Shakespeare and Company is a record of the people and their doings that made Miss Beach's bookshop in Paris the literary headquarters of the twenties. Above all, it is a personal record. When you have read it, you will find a sensitive and moving image of James Joyce in your memory. Adrienne Monnier will be there too. And Hemingway. And some others. And then, clearest of all, though she never says much about herself: Sylvia Beach.
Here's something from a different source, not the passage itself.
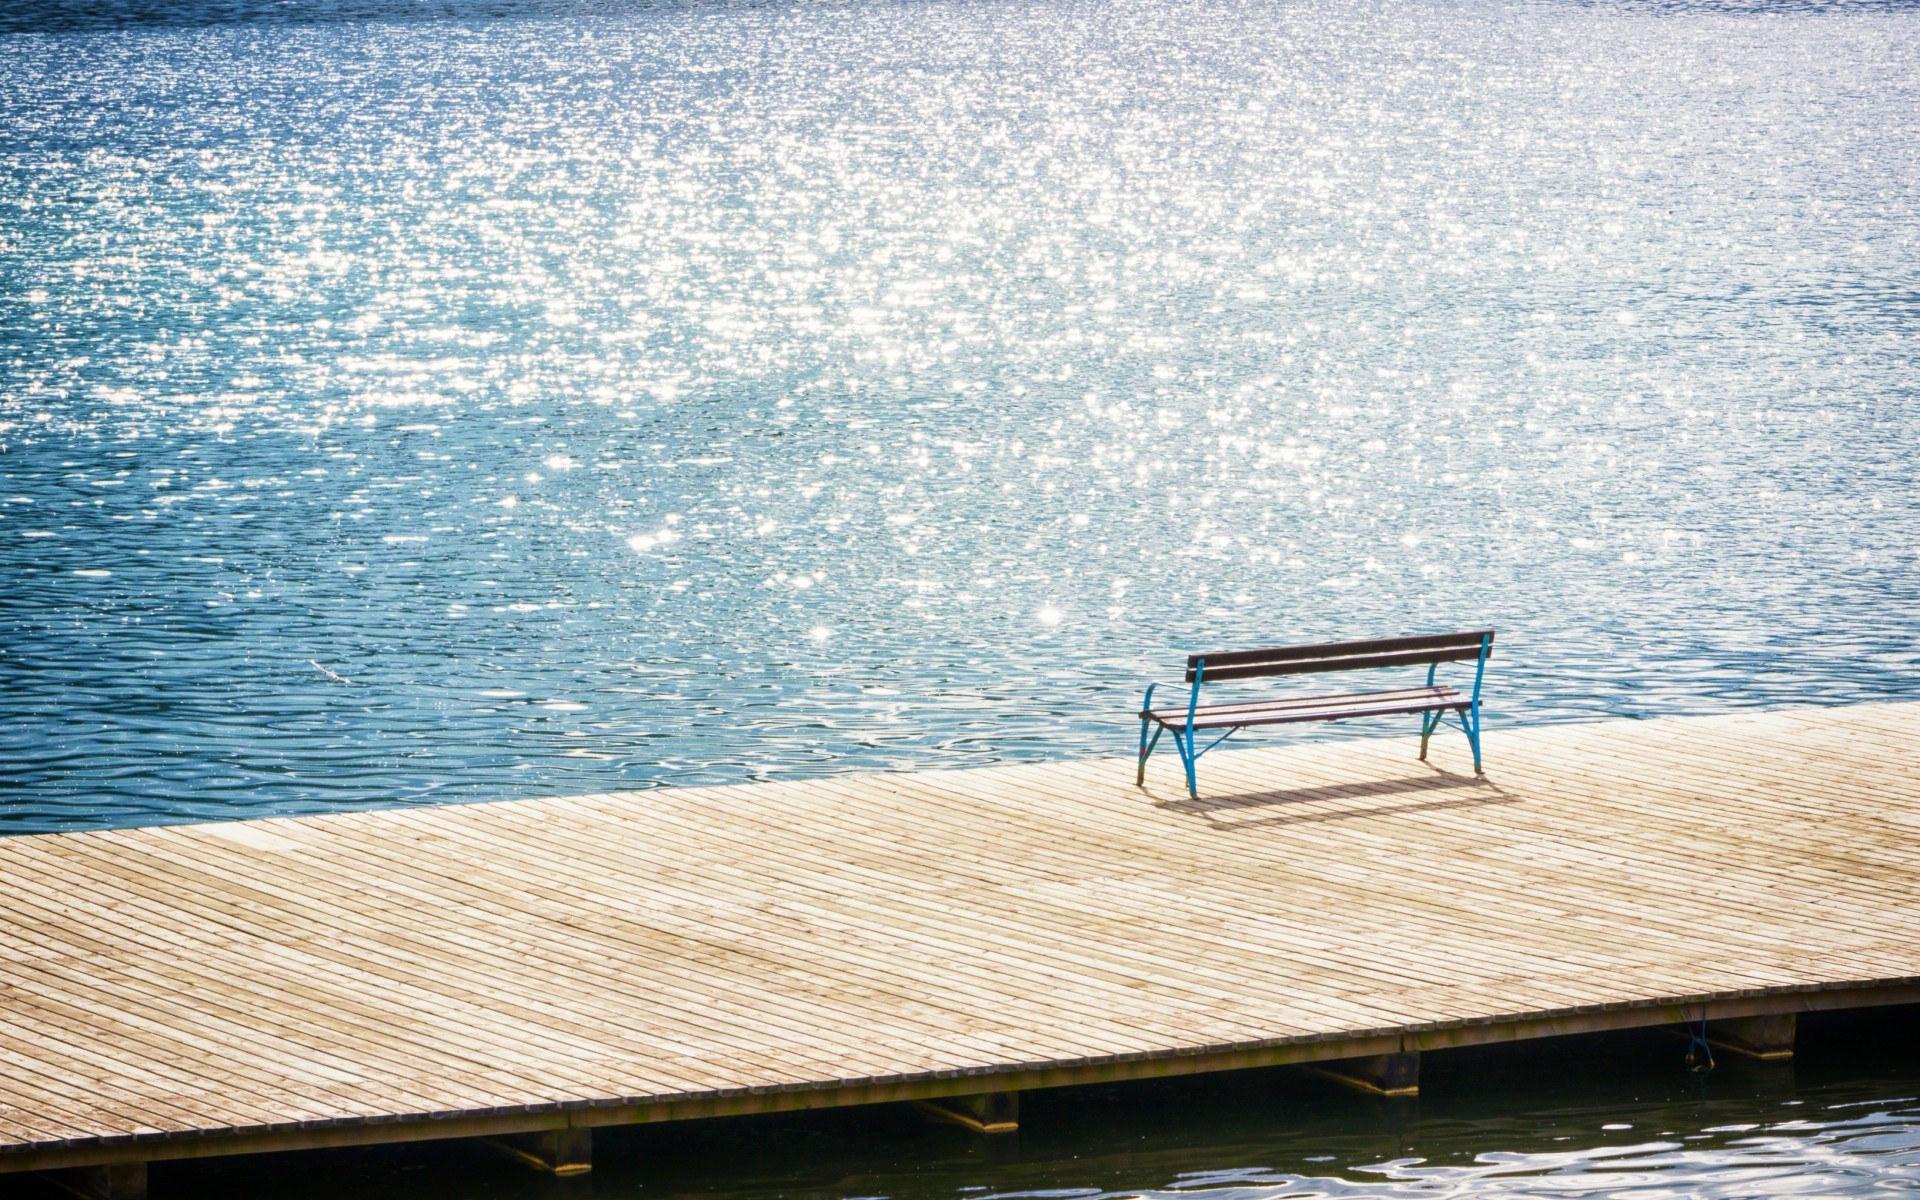 孤独忧伤的风景桌面壁纸

She is alive and present in the character of her remarks. The reviews of her book have shown, by quoting so many of them, how irresistible, rememberable they are. I have often heard her say that there was a great deal more she had wanted to tell, especially about the French writers who helped to turn her bookshop into a foyer, a fiery center. Why not invite her to spend an afternoon telling us (and a tape recorder) some of the things she left out?

Miss Margaret Marshall, who had her own literary headquarters at The Nation for a good many years, and who is Miss Beach's editor, agreed to join us.

Others present: at first, Marthiel Mathews, Jackson Mathews, Pomme, a poodle; and later, Isabella Gardner and Allen Tate.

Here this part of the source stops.